I'll change one of my values to that error:
dat$speed[5] <- "#VALUE!"
dat
# speed
# 1 0
# 2 5.534
# 3 1.315
# 4 7.6865
# 5 #VALUE!
# 6 -0.4605
# 7 -4.311
# 8 -4.973
# 9 -7.69
# 10 -11.669
str(dat)
# 'data.frame': 10 obs. of 1 variable:
# $ speed: chr "0" "5.534" "1.315" "7.6865" ...
(See? chr
.)
From here, we can simply convert all to numbers, ignoring the warnings we get:
dat$speed <- suppressWarnings(as.numeric(dat$speed))
dat
# speed
# 1 0.0000
# 2 5.5340
# 3 1.3150
# 4 7.6865
# 5 NA
# 6 -0.4605
# 7 -4.3110
# 8 -4.9730
# 9 -7.6900
# 10 -11.6690
str(dat)
# 'data.frame': 10 obs. of 1 variable:
# $ speed: num 0 5.53 1.31 7.69 NA ...
And from here, we can do the rolling median again.

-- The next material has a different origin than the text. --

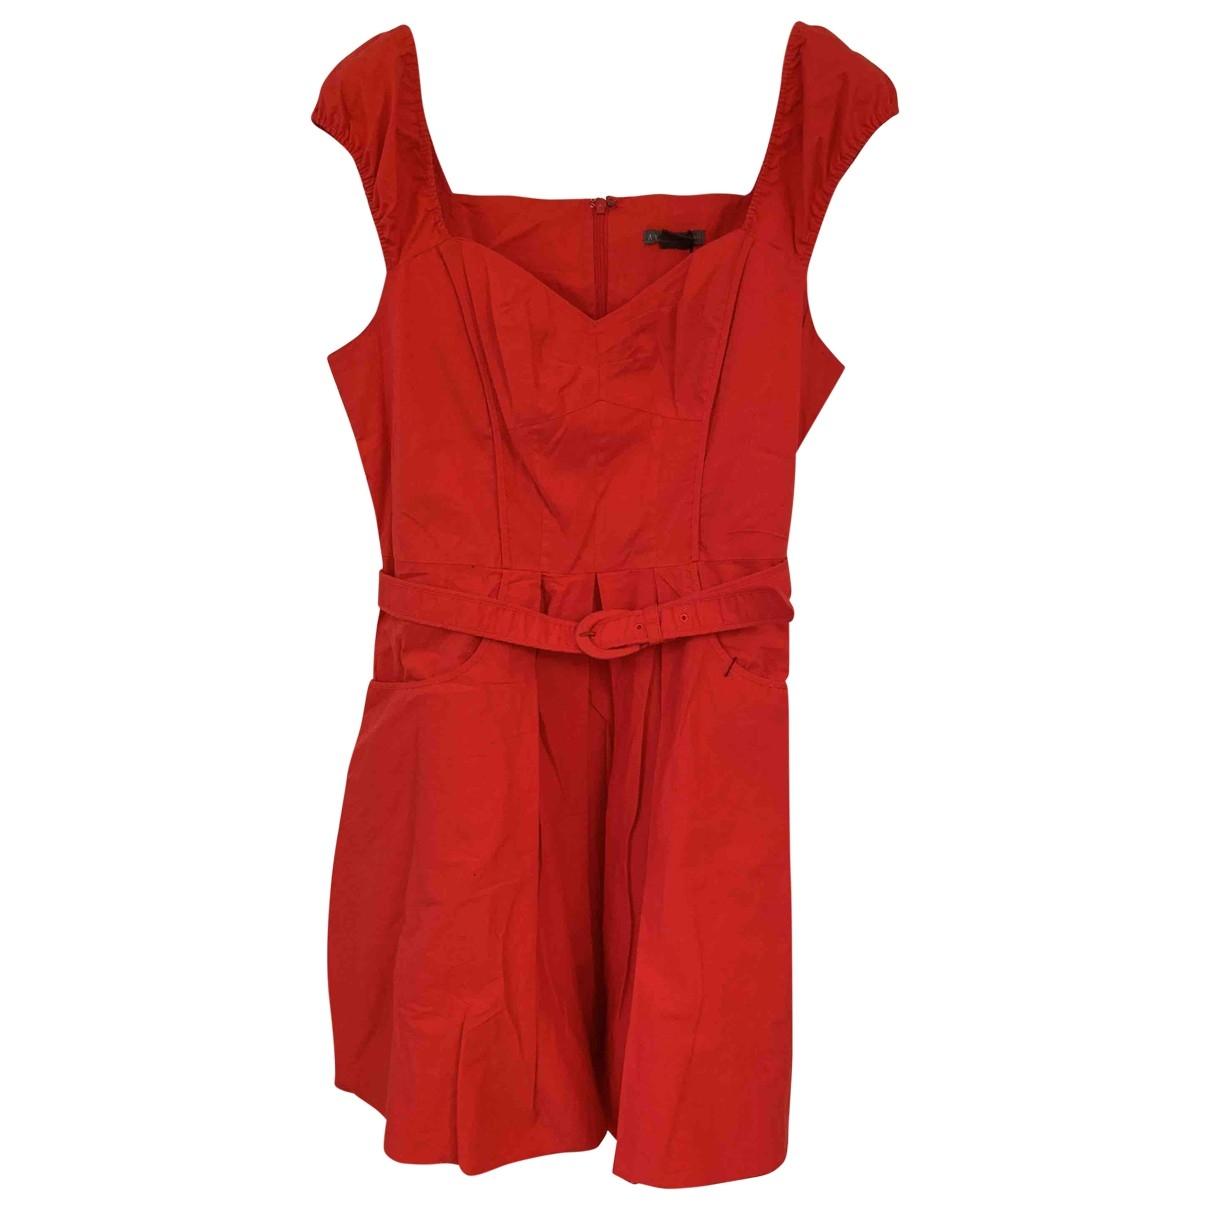 Emporio Armani - Robe   pour femme en coton - rouge
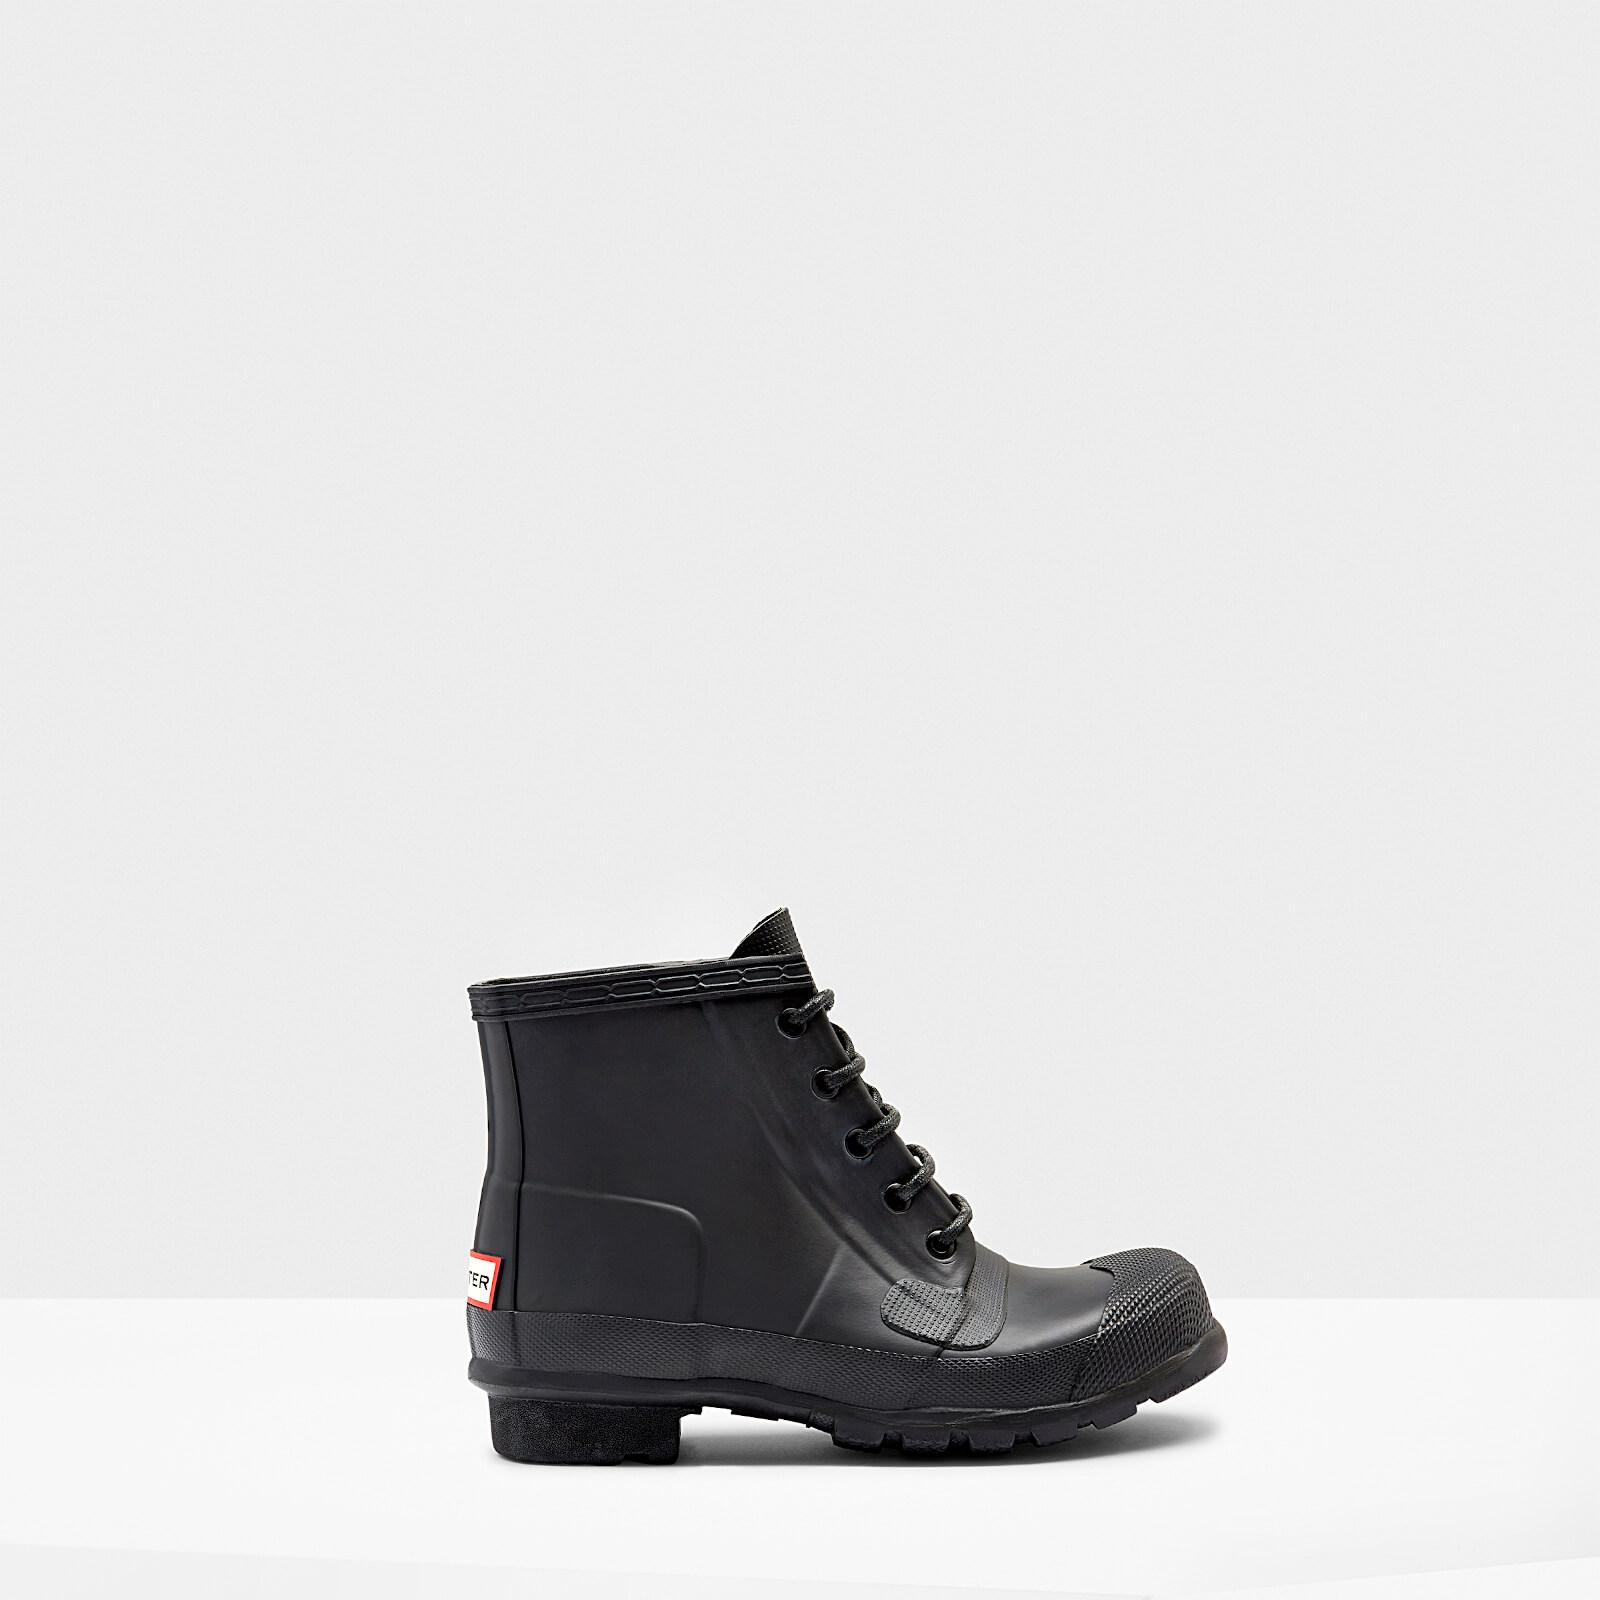 Women's Boots, Designer Footwear The Hut

Note that the NA
we now have changes things slightly:
dat$rollmed <- zoo::rollmedian(dat$speed, 5, fill = NA, align = "center")
dat$rollmed2 <- zoo::rollmedian(dat$speed, 5, fill = NA, align = "center", na.rm = TRUE)
dat
# speed rollmed rollmed2
# 1 0.0000 NA NA
# 2 5.5340 NA NA
# 3 1.3150 NA 3.42450
# 4 7.6865 NA 3.42450
# 5 NA NA 0.42725
# 6 -0.4605 NA -2.38575
# 7 -4.3110 NA -4.64200
# 8 -4.9730 -4.973 -4.97300
# 9 -7.6900 NA NA
# 10 -11.6690 NA NA
The default (what we did before) will return an NA
median for every row within +/- 4 rows (k-1
) of the previous #VALUE!
; we can add na.rm=TRUE
if you would prefer; that is not a rolling-window thing, that's a general-statistics question, "are empty values an issue".